Our implementation is still considered experimental, which means that some features may change before they are stabilized.
A new syntax for (mutually) recursive views
Choosing to implement a major SQL feature in a way which is incompatible with the standard sounds like a bad idea. However, in this case we consider the standard definition irremediably broken. Rather than trying to pretend that we are implementing the standard definition, we have chosen to use a completely different syntax, to make it clear that our implementation is incompatible with the standard. We have also chosen not to support the standard syntax at all.
Standard SQL has very limited support for recursive computations using common-table expressions. The standard definition is both difficult to use, and lacks expressiveness. Feldera SQL uses an alternative syntax for defining recursive SQL computations, which is easier to use and significantly more powerful. Our syntax:
- does not require common-table expressions
- allows mutually-recursive view definitions involving any number of views
- allows much richer queries for defining recursive views, including non-monotone queries.
Designing new programming language feature is a very difficult subject, and can often produce wrong designs. So we have decided to base our design on a time-tested solution. Our syntax is based on the C language.
In C one writes recursive functions by using forward declarations. In a C program the forward declarations have to occur before the actual function definitions.
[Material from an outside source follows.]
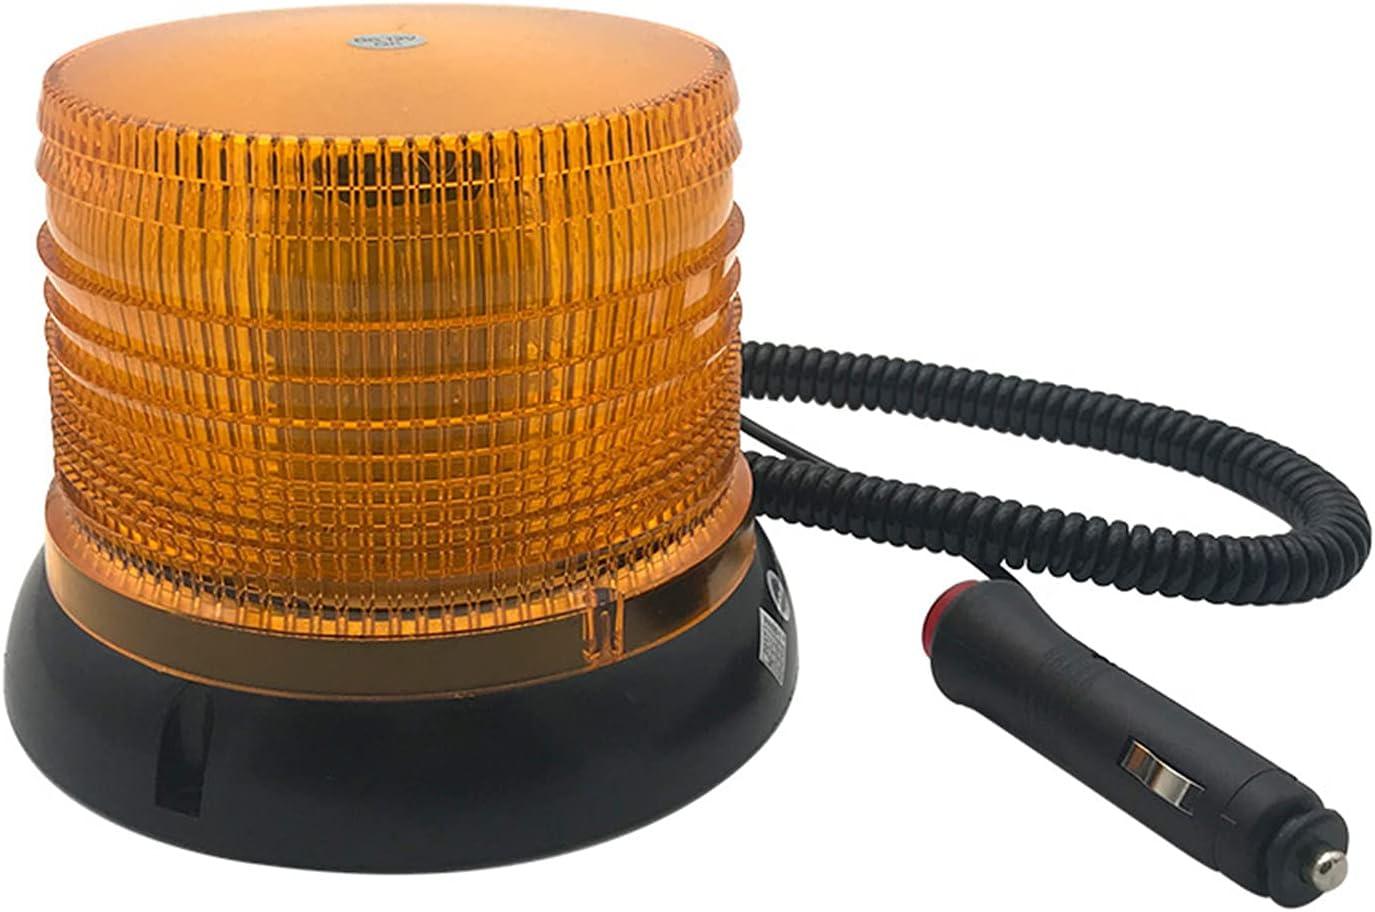 Upupto LED VEHÍCULO DE AUTOMÓVIL LED Luz de Advertencia Transpulsor Lámpara de Emergencia montada en Beacon Magnético 12 / 24V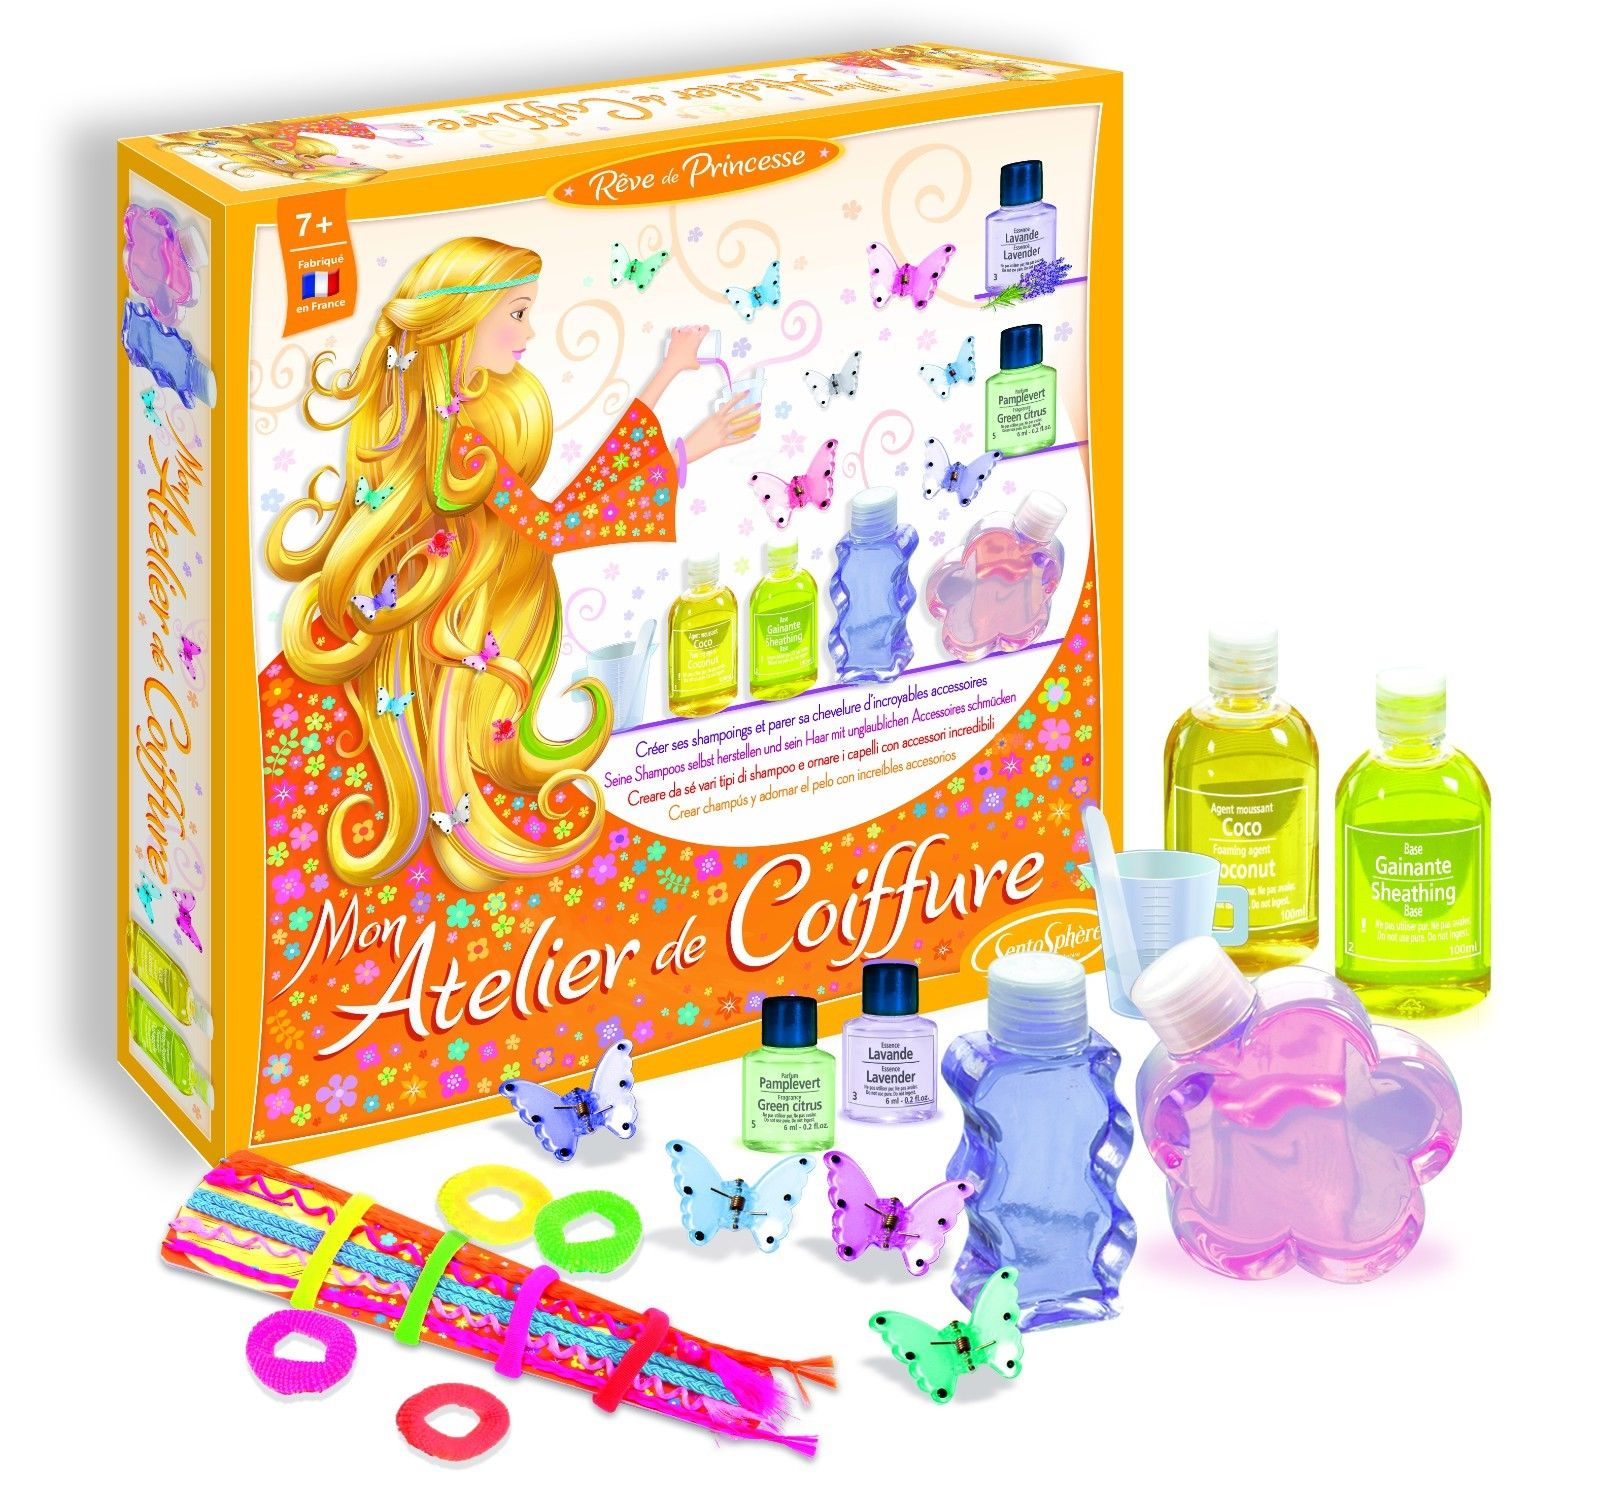 Set de coafor pentru copii - Mon Atelier de Coiffure thumbnail

For example, to write functions f
and g
that invoke each other, one
first writes the declaration(s), then the definitions:
/* Forward declaration of function g */
int g(int x);
/* Definition of function f */
int f(int x) {
... g(n-1); /* f calling g */
}
/* Definition of function g */
int g(int x) {
... f(n-1); /* g calling f */
}
Similarly to C, we introduce the notion of forward view declaration. A forward view declaration is similar to a table CREATE
statement (but without constraints on columns, like primary keys). The declaration specifies the view name and
the columns and their types, as in the following example:
DECLARE RECURSIVE VIEW CLOSURE(x int, y int);
Each view that is used in a query before being defined needs a forward declaration. The forward declaration must occur before the view definition in the program. (One can provide forward declarations for non-recursive views, but they are of limited utility; that's why the declaration always has the keyword RECURSIVE
).
Given a forward declaration, a recursive view can be defined using the standard SQL syntax. The forward declaration allows the view query to depend on the view itself:
CREATE TABLE EDGES(x int, y int);
-- a local view that depends on CLOSURE and EDGES
CREATE LOCAL VIEW STEP AS SELECT EDGES.x, CLOSURE.y FROM EDGES JOIN CLOSURE ON EDGES.y = CLOSURE.x
-- actual definition of view CLOSURE, which depends on STEP and E
CREATE MATERIALIZED VIEW CLOSURE AS (SELECT * FROM EDGES) UNION (SELECT * FROM STEP);
In the above SQL example the EDGES
table represents the edges of a graph where nodes are integers. The CLOSURE
view represents the edges of a graph over the same nodes, such that CLOSURE
is the transitive closure of the EDGES
graph. Notice how the definition of the view CLOSURE
uses the view STEP
, which in turn uses the view CLOSURE
.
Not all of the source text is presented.